Setting up workgroups - Amazon Athena

Setting up workgroups

Setting up workgroups involves creating them and establishing permissions for their usage. First, decide which workgroups your organization needs, and create them. Next, set up IAM workgroup policies that control user access and actions on a workgroup resource. Users with access to these workgroups can now run queries in them.

Note

Use these tasks for setting up workgroups when you begin to use them for the first time. If your Athena account already uses workgroups, each account's user requires permissions to run queries in one or more workgroups in the account. Before you run queries, check your IAM policy to see which workgroups you can access, adjust your policy if needed, and switch to a workgroup you intend to use.

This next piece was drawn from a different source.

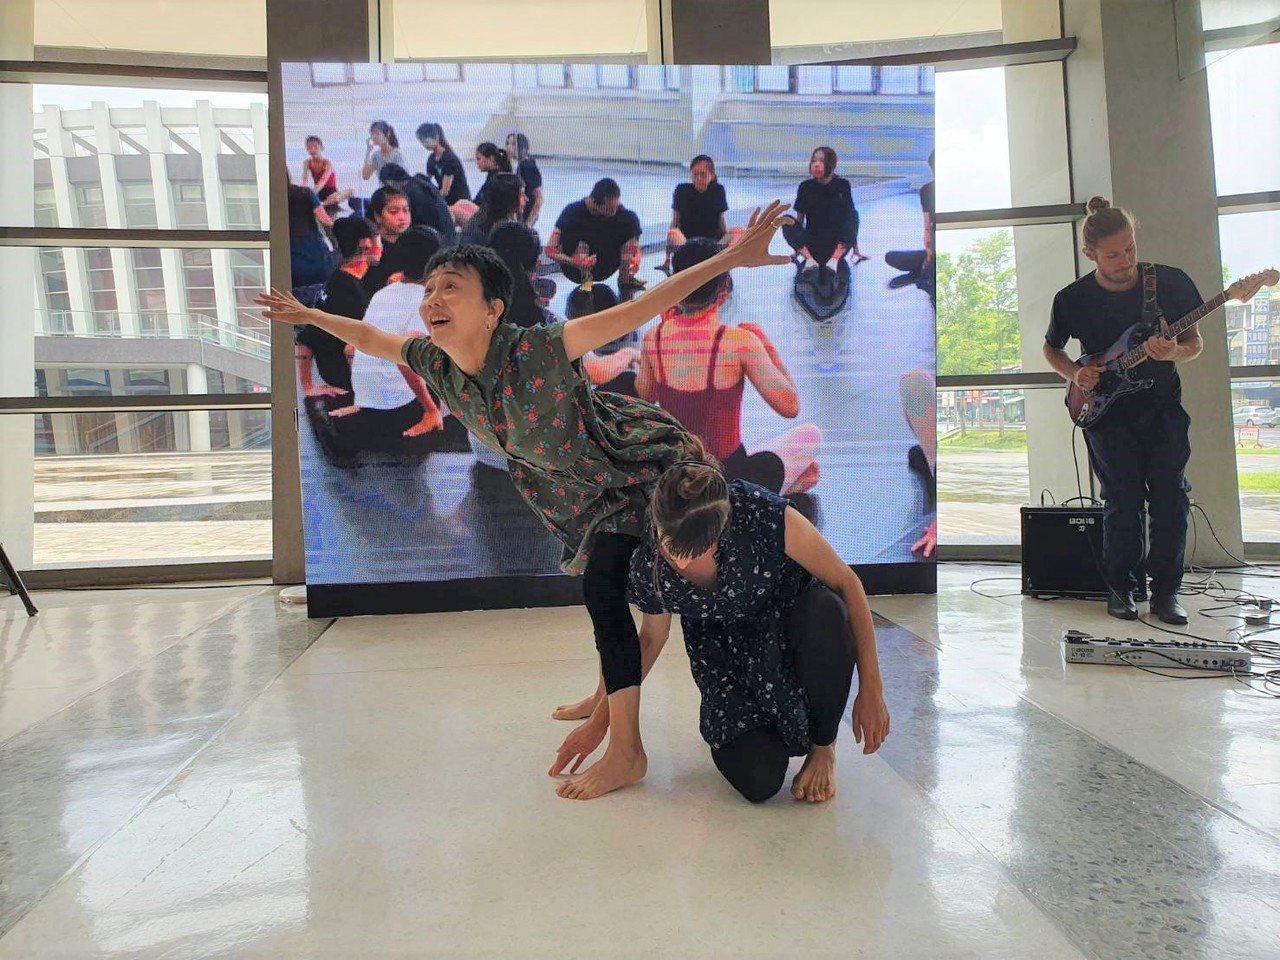 蔡孟霙空間舞團在地方深耕多年。圖/屏東縣政府文化處提供
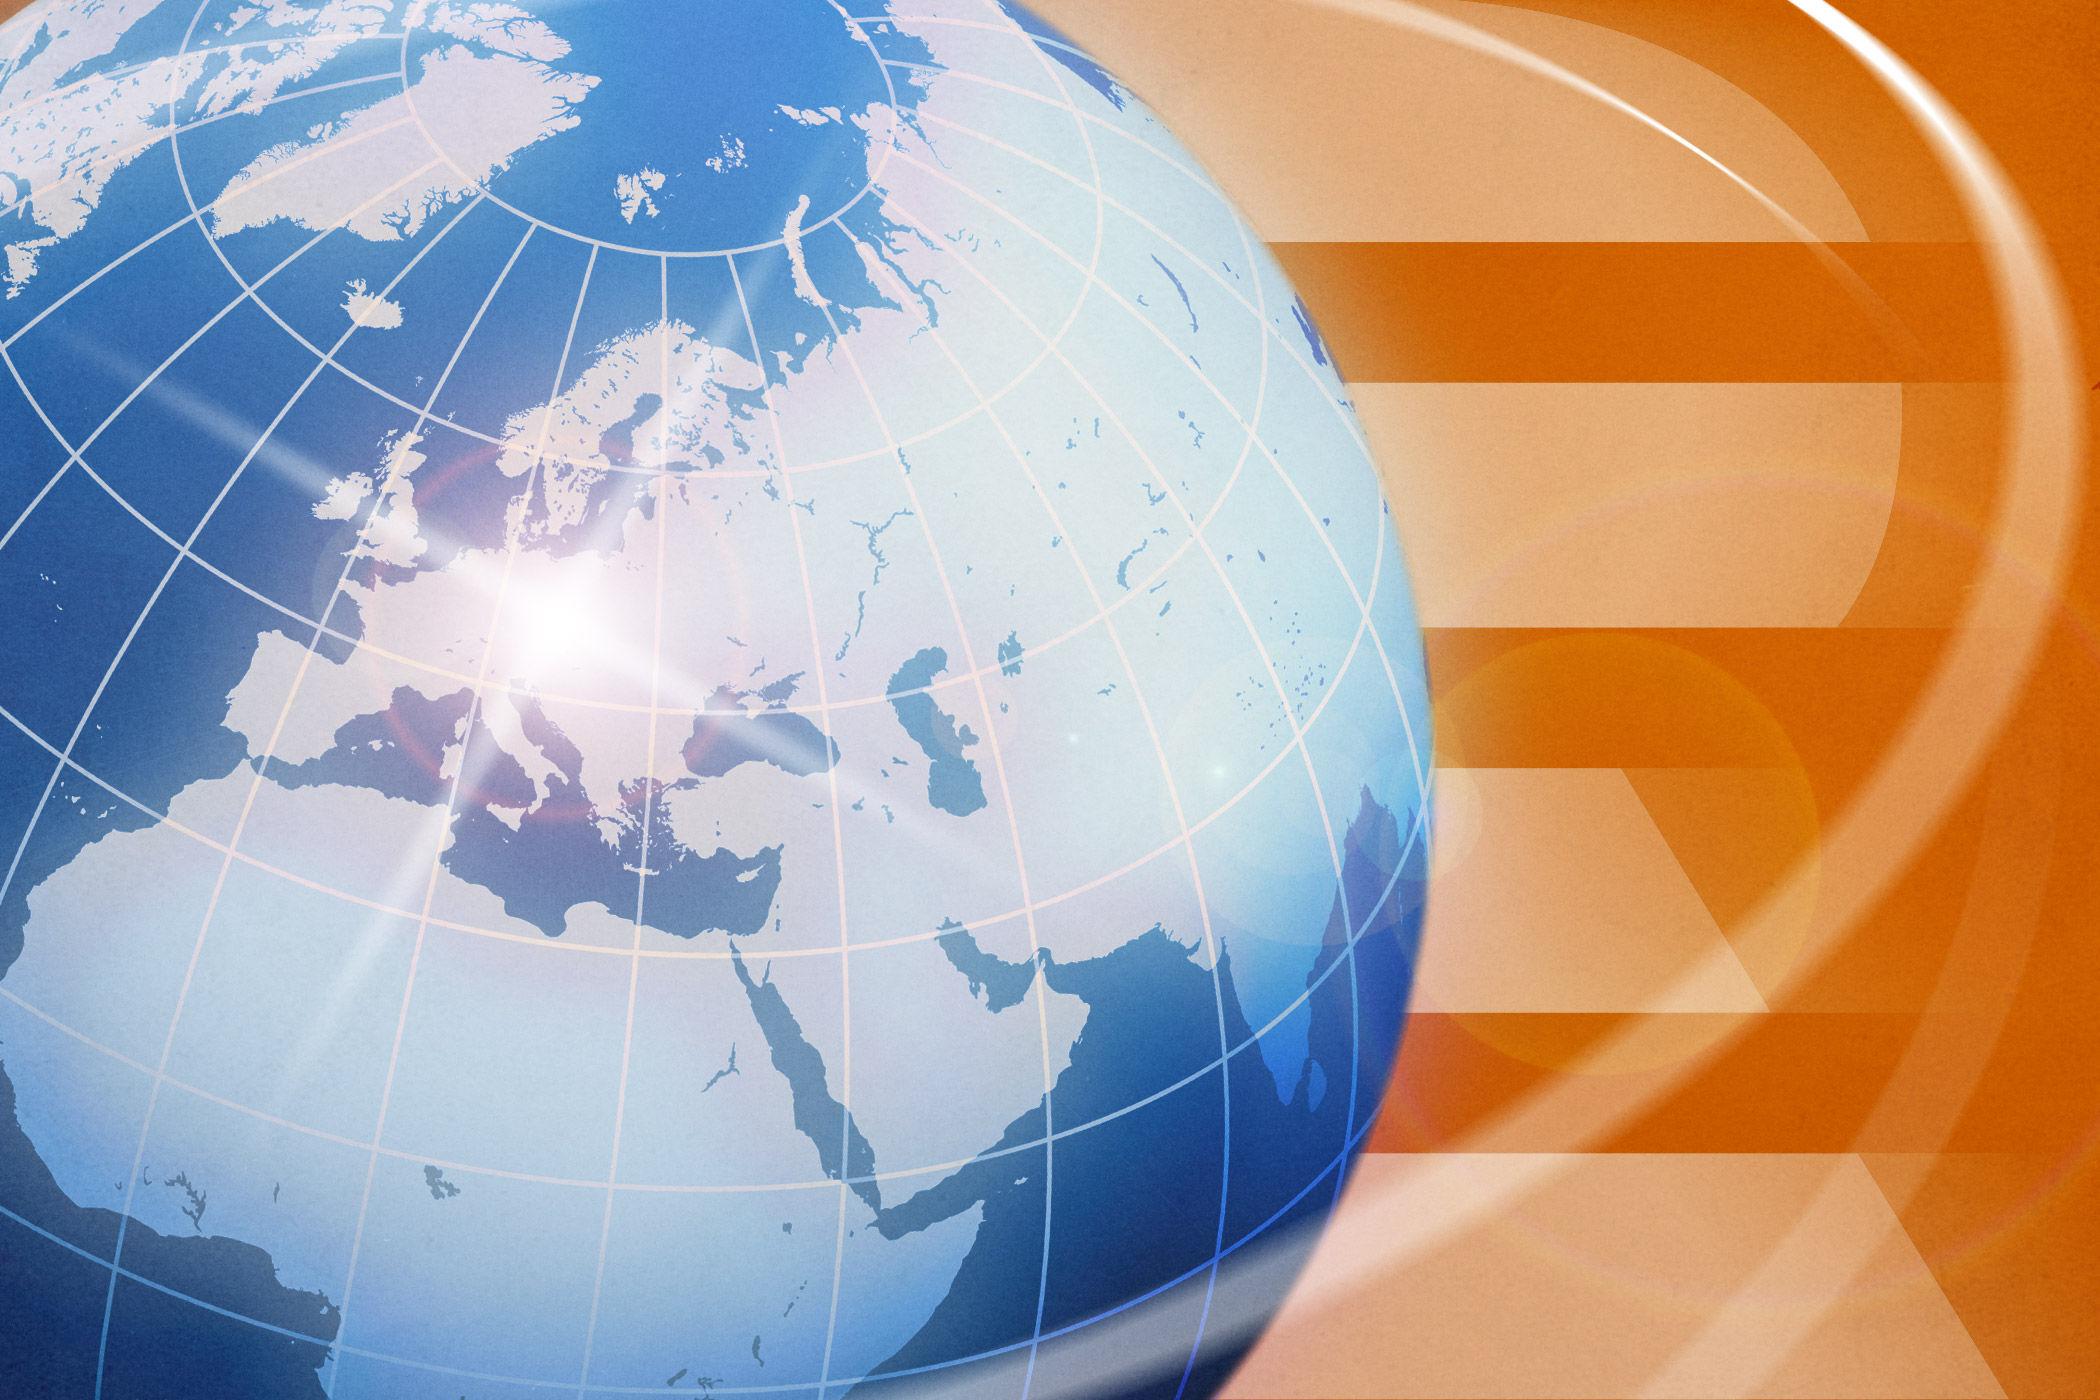 Obrázek Zprávy, Aktuální události doma i ve světě

By default, if you have not created any workgroups, all queries in your account run in the primary workgroup.

Athena displays the current workgroup in the Workgroup option on the upper right of the console. You can use this option to switch workgroups. When you run queries, they run in the current workgroup. You can run queries in the context of a workgroup in the console, through API operations, through the command line interface, or through a client application by using the JDBC or ODBC driver. When you have access to a workgroup, you can view the workgroup's settings, metrics, and data usage control limits. With additional permissions, you can edit the settings and data usage control limits.

To set up workgroups

  1. Decide which workgroups to create. For example, you can decide the following:

    • Who can run queries in each workgroup, and who owns workgroup configuration. This determines IAM policies you create. For more information, see IAM policies for accessing workgroups.

    • Which locations in Amazon S3 to use for the query results for queries that run in each workgroup. A location must exist in Amazon S3 before you can specify it for the workgroup query results. All users who use a workgroup must have access to this location. For more information, see Workgroup settings.

    • Whether the owner of the Amazon S3 query results bucket has full control over new objects that are written to the bucket. For example, if your query result location is owned by another account, you can grant ownership and full control over your query results to the other account. For more information, see AclConfiguration.

    • Specify the ID of the AWS account that you expect to be the owner of the output location bucket. This is an optional added security measure. If the account ID of the bucket owner does not match the ID that you specify here, attempts to output to the bucket will fail. For more information, see Verifying bucket ownership with bucket owner condition in the Amazon S3 User Guide. This setting does not apply to CTAS, INSERT INTO, or UNLOAD statements.

    • Which encryption settings are required, and which workgroups have queries that must be encrypted. We recommend that you create separate workgroups for encrypted and non-encrypted queries. That way, you can enforce encryption for a workgroup that applies to all queries that run in it. For more information, see Encrypting Athena query results stored in Amazon S3 Encrypting Athena query results when using JDBC or ODBC.

  2. Create workgroups as needed, and add tags to them. For steps, see Create a workgroup.

  3. Create IAM policies for your users, groups, or roles to enable their access to workgroups. The policies establish the workgroup membership and access to actions on a workgroup resource. For detailed steps, see IAM policies for accessing workgroups. For example JSON policies, see Access to workgroups and tags.

  4. Set workgroup settings. Specify a location in Amazon S3 for query results and optionally specify the expected bucket owner, encryption settings, and control of objects written to the query results bucket. You can enforce workgroup settings. For more information, see workgroup settings.

    Important

    If you override client-side settings, Athena will use the workgroup's settings. This affects queries that you run in the console, by using the drivers, the command line interface, or the API operations.

    While queries continue to run, automation built based on availability of results in a certain Amazon S3 bucket may break. We recommend that you inform your users before overriding. After workgroup settings are set to override, you can omit specifying client-side settings in the drivers or the API.

  5. Notify users which workgroups to use for running queries. Send an email to inform your account's users about workgroup names that they can use, the required IAM policies, and the workgroup settings.

  6. Configure cost control limits, also known as data usage control limits, for queries and workgroups. To notify you when a threshold is breached, create an Amazon SNS topic and configure subscriptions. For detailed steps, see Setting data usage control limits and Getting started with Amazon SNS in the Amazon Simple Notification Service Developer Guide.

  7. Switch to the workgroup so that you can run queries.To run queries, switch to the appropriate workgroup. For detailed steps, see Specify a workgroup in which to run queries.